- Episode no.: Season 6 Episode 2
- Directed by: Cliff Bole
- Written by: Brannon Braga
- Production code: 228
- Original air date: September 28, 1992

Guest appearances
- Colm Meaney - Miles O'Brien; Patti Yasutake - Alyssa Ogawa; Dwight Schultz - Reginald Barclay; Renata Scott - Hayes; Thomas Belgrey - Yosemite Crewmember; Majel Barrett - Computer Voice;

Episode chronology
| ← Previous "Time's Arrow, Part II" | Next → "Man of the People" |
- Star Trek: The Next Generation season 6

= Realm of Fear =

"Realm of Fear" is the 128th episode of the American science fiction television series Star Trek: The Next Generation. It is the second episode of the sixth season.

Set in the 24th century, the series follows the adventures of the Starfleet crew of the Federation starship Enterprise-D. In this episode, Lieutenant Reginald Barclay (played by Dwight Schultz) has a paralyzing fear of the transporter and is convinced he is being attacked by a creature inside the beam.

The mission involves the Enterprise's encounter with the USS Yosemite, which is trapped in a plasma stream and whose crew is missing. This provides a backdrop to explore Barclay's fears, showing a new facet of a character who was previously oriented towards comic relief.

==Plot==
The Enterprise comes to the assistance of the USS Yosemite, a science vessel from which several crewmen disappeared in a transporter accident. The Enterprise is unable to transport crew members directly to the Yosemite due to interference. Lt. Reginald Barclay suggests linking the transporter systems of both ships, which allows them to transport one by one to the Yosemite but requires a lengthy dematerialization/materialization process. Barclay, assigned as part of the team, hesitates to transport and instead walks away.

Barclay discusses the matter with Counselor Deanna Troi, who teaches him Betazoid meditation techniques to help calm himself. Transporter Chief Miles O'Brien provides Barclay with advice on dealing with his fears, relating his own fear of spiders. Barclay is safely transported to the Yosemite, where he helps the crew investigate. On his return trip, Barclay believes he sees wormlike creatures in the matter stream that attempt to approach him and touch his arm, but he materializes on the Enterprise without harm. He decides that he is suffering from transporter psychosis, a rare affliction. His paranoia forces Troi to declare him unfit for duty. Barclay asks O'Brien to review the transporter logs, and O'Brien agrees there was a strange surge during Barclay's transport. Barclay asks O'Brien to transport him again, recreating the surge, and Barclay again sees the creatures in the matter stream.

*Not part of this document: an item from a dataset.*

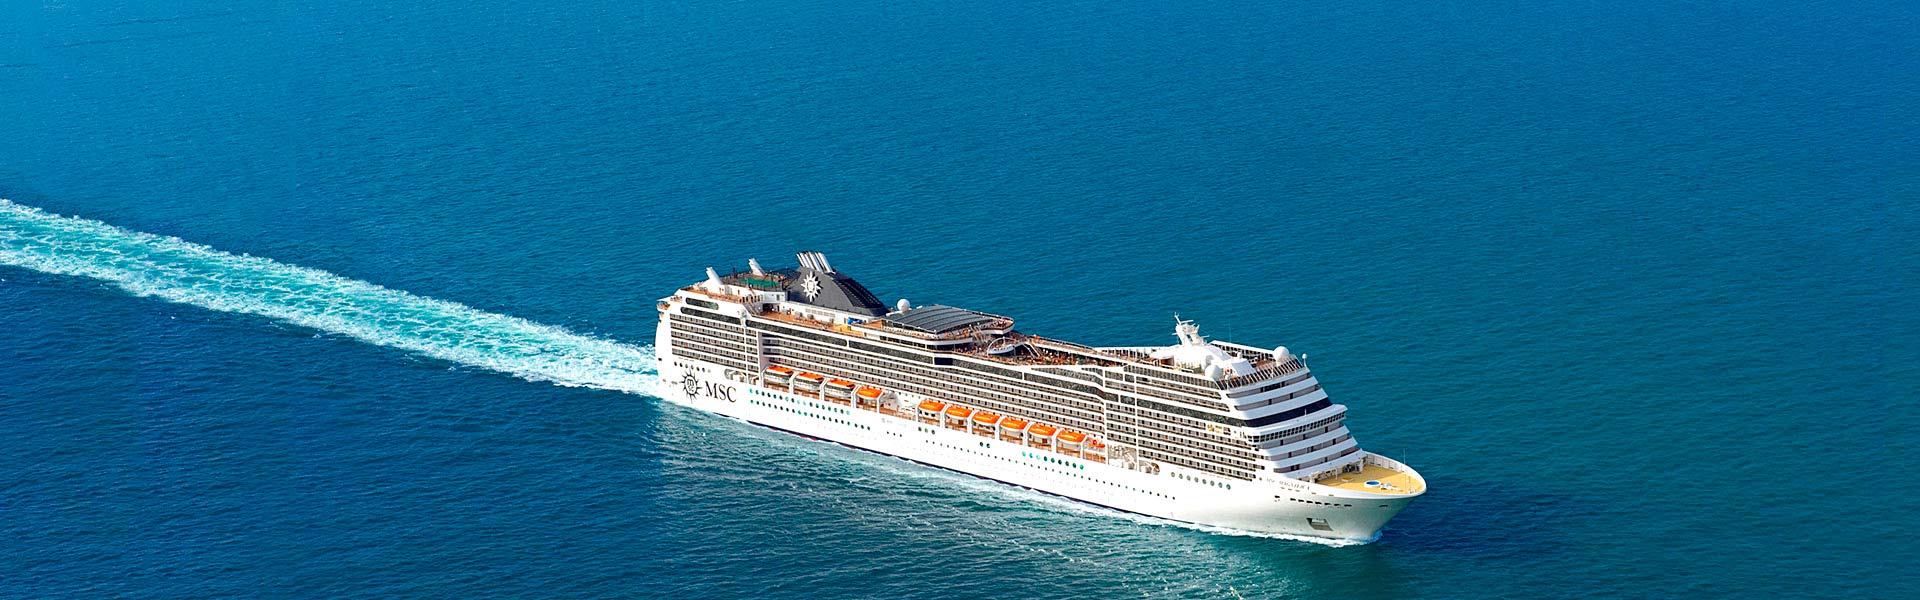 Msc Magnifica World Cruise 2019 2020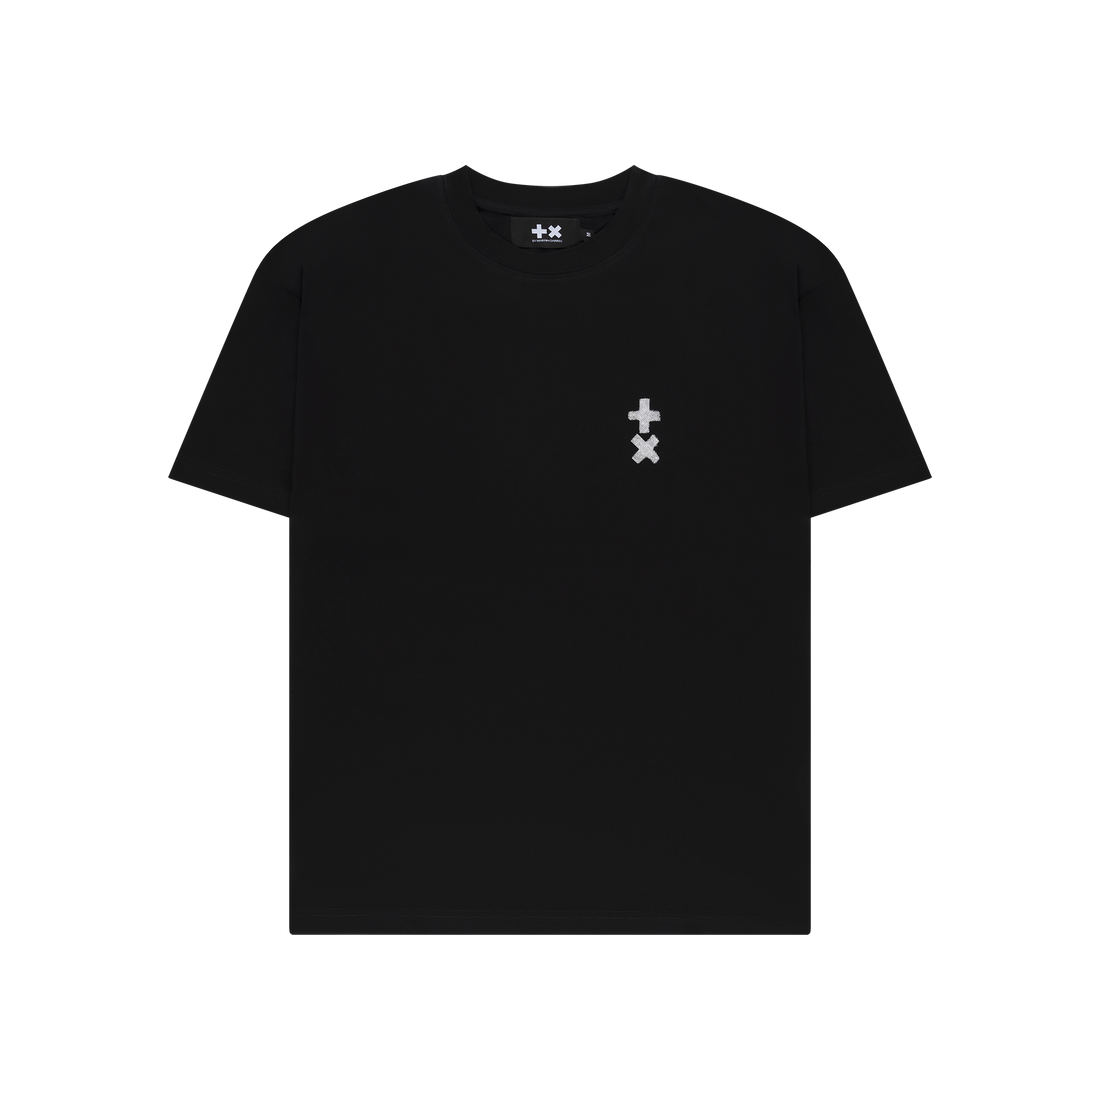 +x Black Silver T-Shirt

Barclay calls a meeting with the senior staff and explains his observations. Captain Picard orders a thorough review of the transport systems and those that have used it recently. Barclay's arm is found to be out of phase, and further examination reveals microbes that were not detected by the biofilter. To remove the microbes, Barclay is put through the transport again, holding him in the matter stream for a longer duration to allow the biofilters to work. While in the stream, Barclay sees one of the creatures approach him and at the last moment reaches out to grab it to his body. When he materializes one of the missing Yosemite crew materializes alongside him. Barclay realizes that the remaining worm creatures in the matter stream are the missing crew members, who are then quickly rescued. The Enterprise crew determined that an explosion near the Yosemite during the transport caused the people to become trapped. Later, Barclay and O'Brien meet at Ten-Forward to discuss the nature of fear, and O'Brien shows a visibly frightened Barclay his pet spider Christina.

== Influences ==
This episode focused on exploring the fictional transporter technology of Star Trek, and technological phobias similar to the original series character Doctor McCoy who also tried to avoid using it when possible. Transporter accident episodes are a recurring plot device across the Star Trek universe. Writer Brannon Braga commented that the episode was inspired by his own fear of flying: “Certainly it was one of my most personal episodes. People around here say I’m Barclay. I hate flying and that’s where the idea came from. If I lived in the 24th Century, I’d be afraid to transport so I enjoyed exploring some of the deeper neuroses that Barclay had.”

== Releases ==
The episode was released as part of the Star Trek: The Next Generation season six DVD box set in the United States on December 3, 2002. A remastered HD version was released on Blu-ray optical disc, on June 24, 2014. The most recent release was the first on Blu-ray disc, which took place on June 24, 2014.